──────── Dataset extract ────────

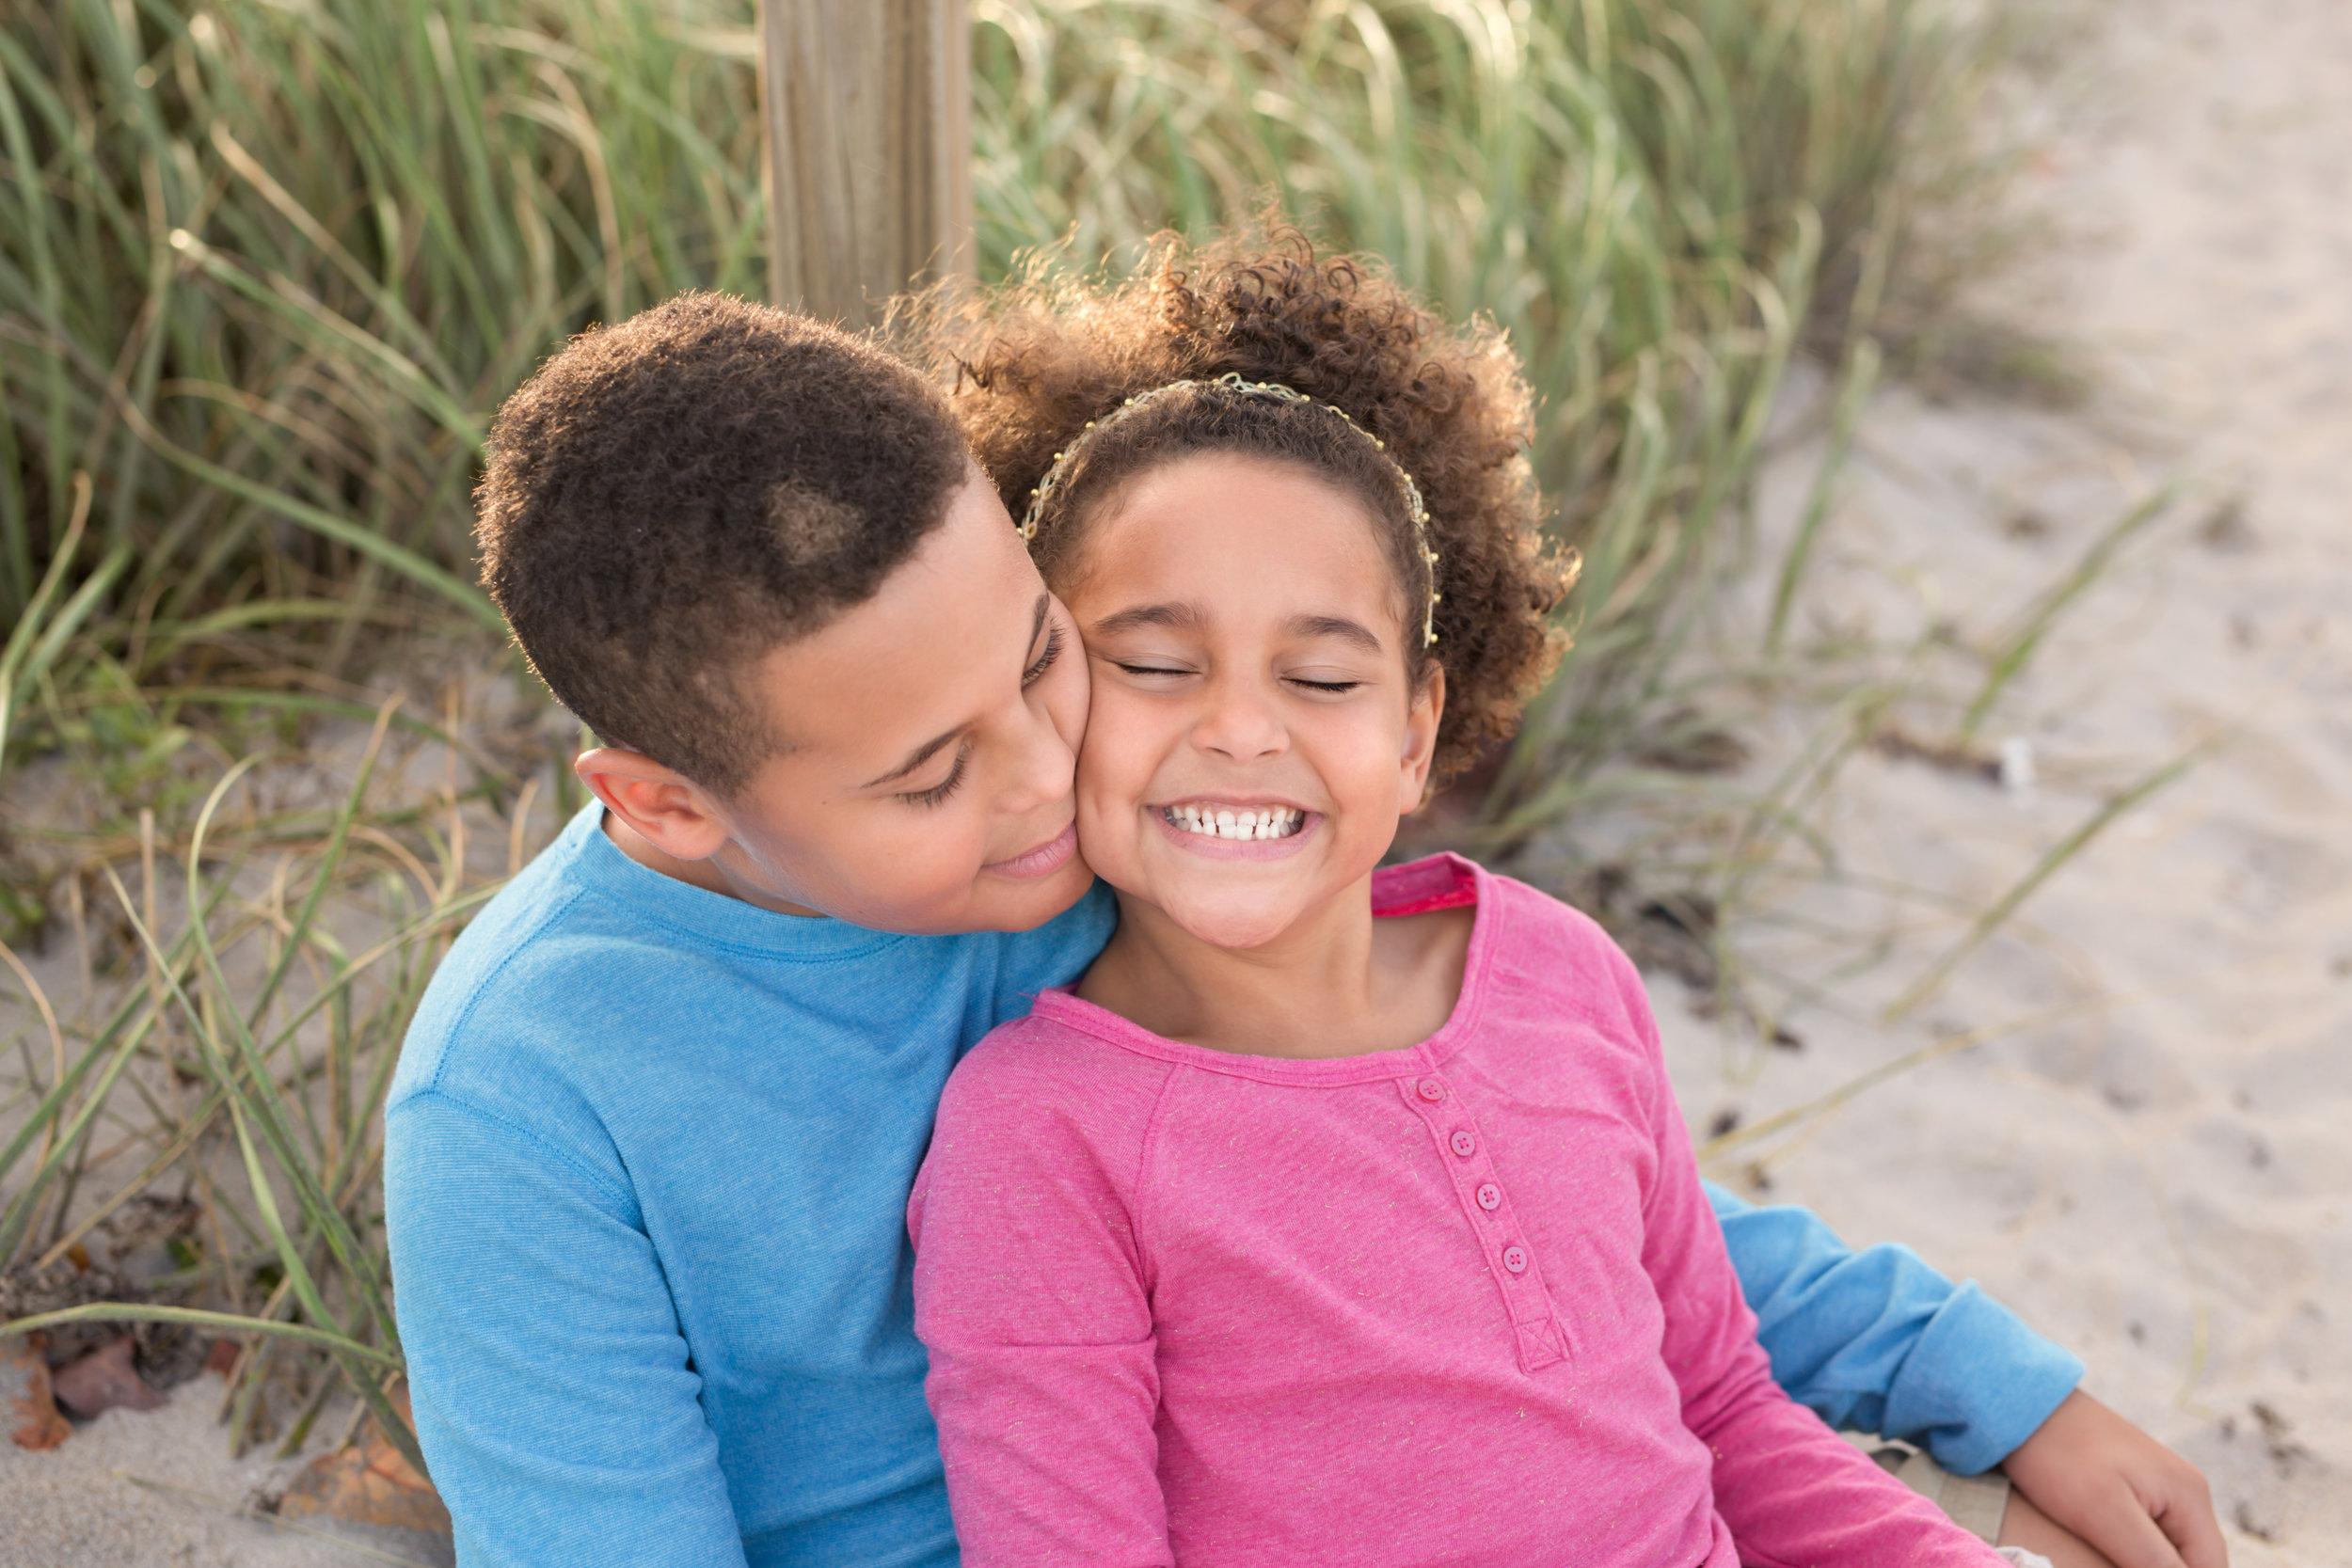 boca-raton-child-photographer-parkland-family-photographer-coral-springs-wellington-lake-worth-boynton-lantana-alissa-delucca-photography-sibling-brother-and-sister.jpg
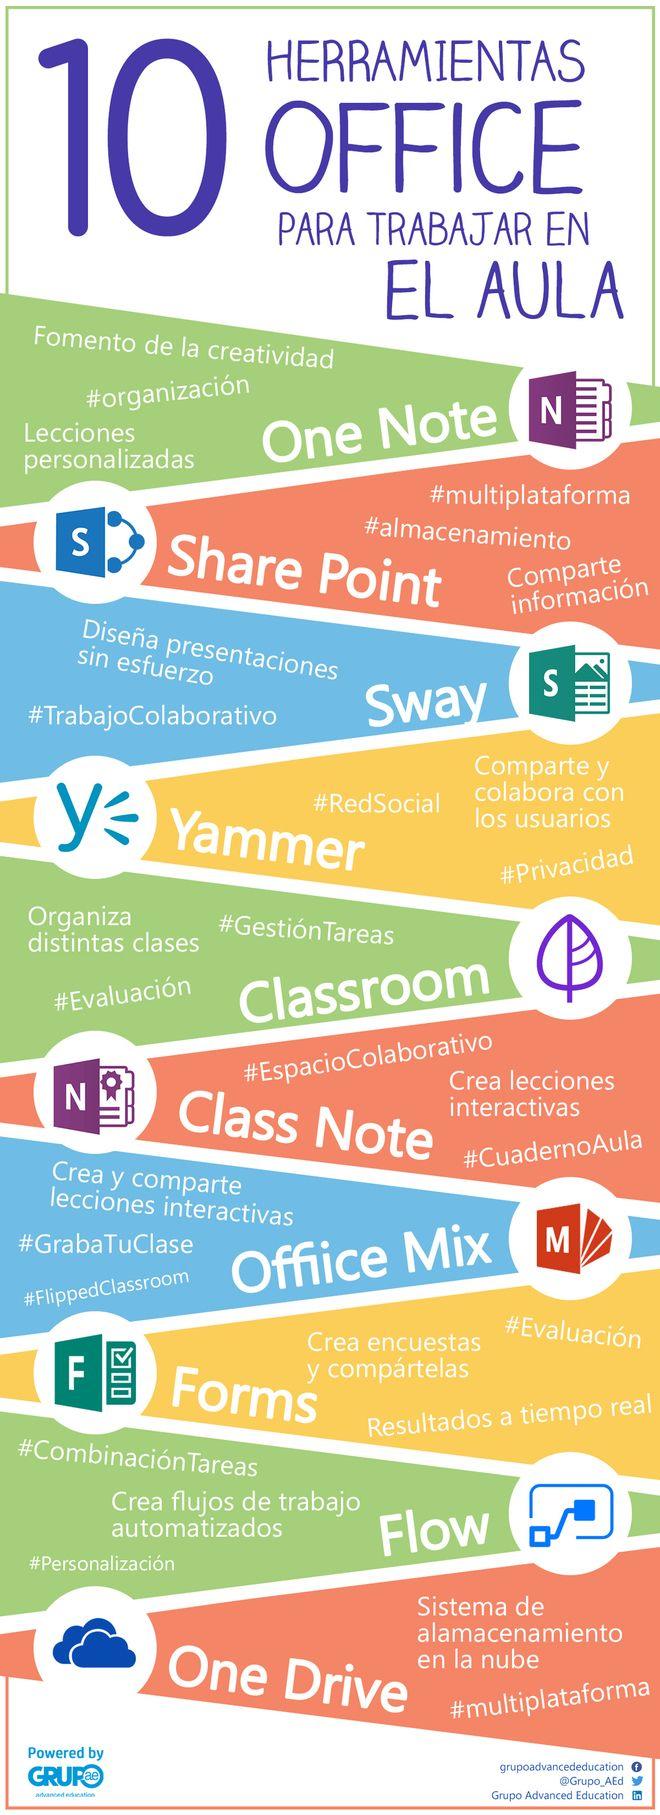 Apps para Flipped Classroom on Herramientas TIC curated by Patricia Hidalgo Murciano
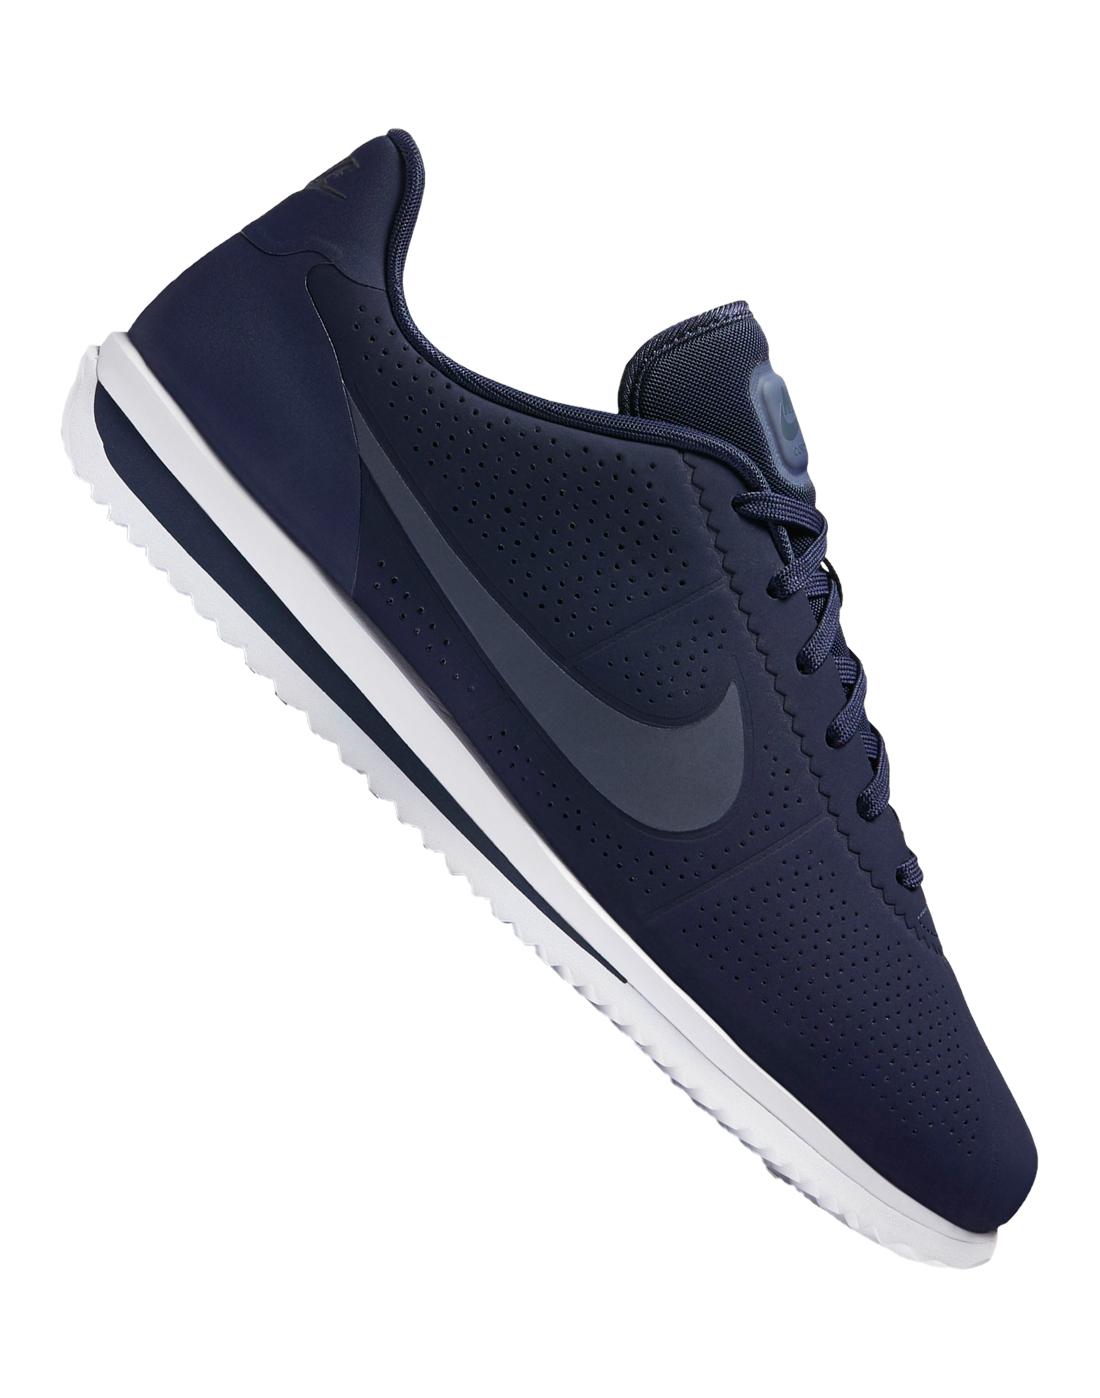 complicaciones Desde Ligeramente  Nike Mens Cortez Ultra Moire - Navy   Life Style Sports EU
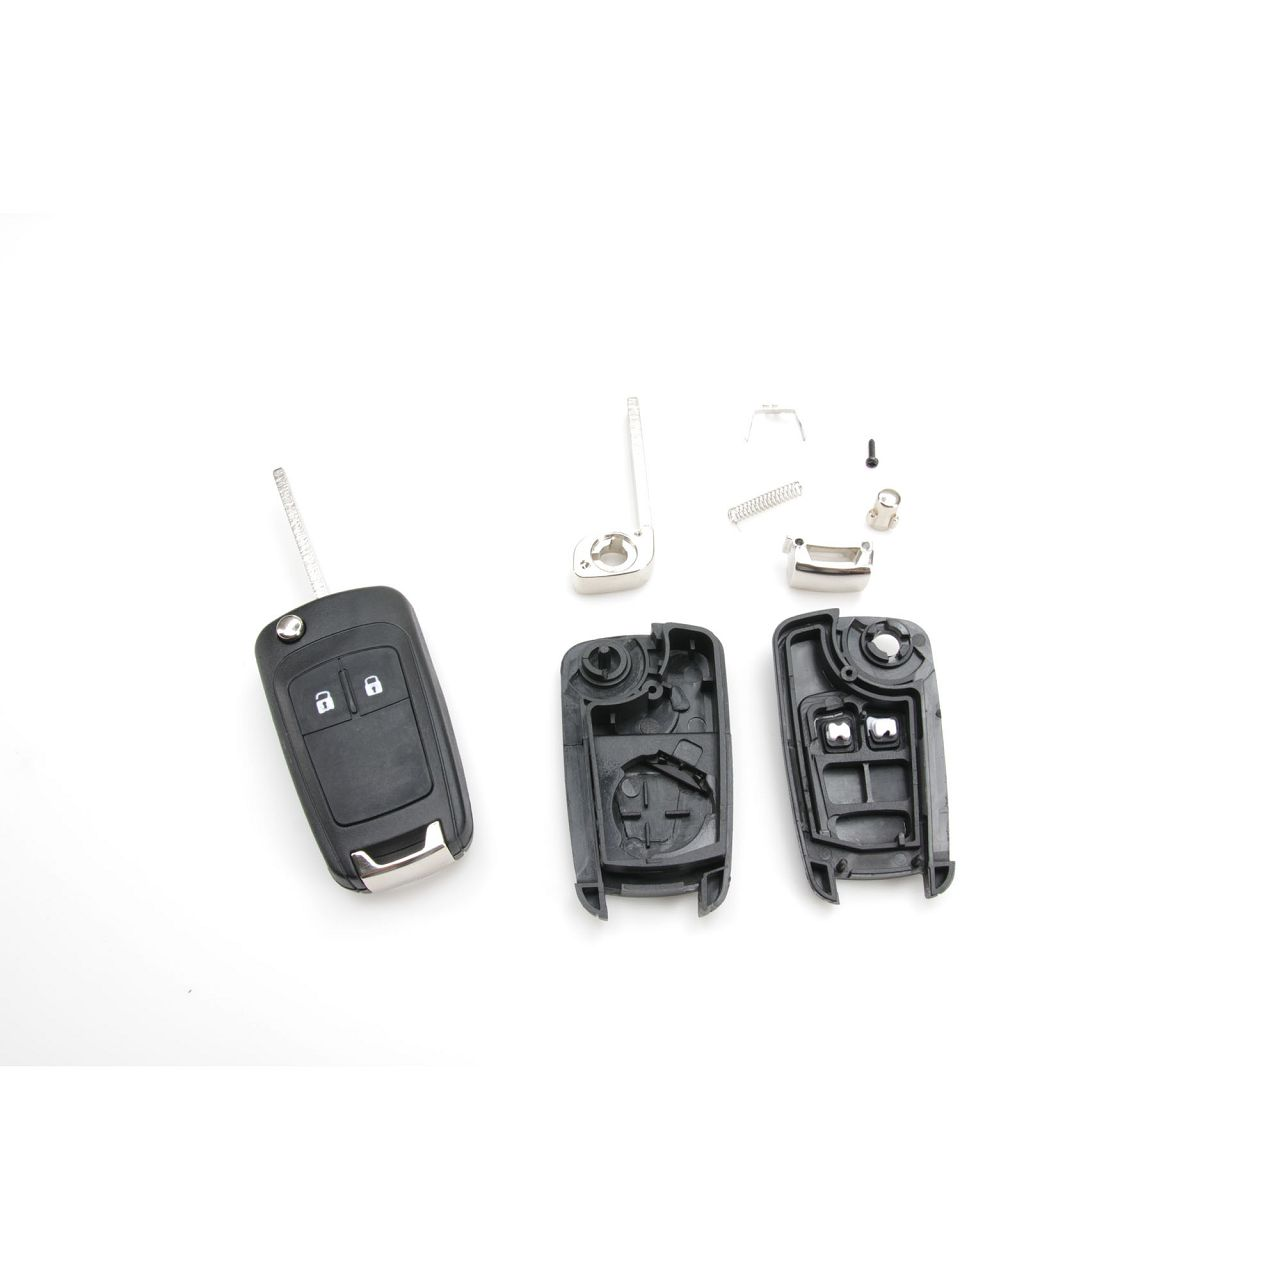 1x Schlüsselgehäuse + Schlüsselrohling 2-Tasten OPEL Astra J Insignia A

────────

What to do: What you write should match, word for word, the lines from the one containing "Apps para Flipped" to the end of the listing, with both ends kept and the pictures left out.

Solution for this task:
 Apps para Flipped Classroom on Herramientas TIC curated by Patricia Hidalgo Murciano
 complicaciones Desde Ligeramente  Nike Mens Cortez Ultra Moire - Navy   Life Style Sports EU
 1x Schlüsselgehäuse + Schlüsselrohling 2-Tasten OPEL Astra J Insignia A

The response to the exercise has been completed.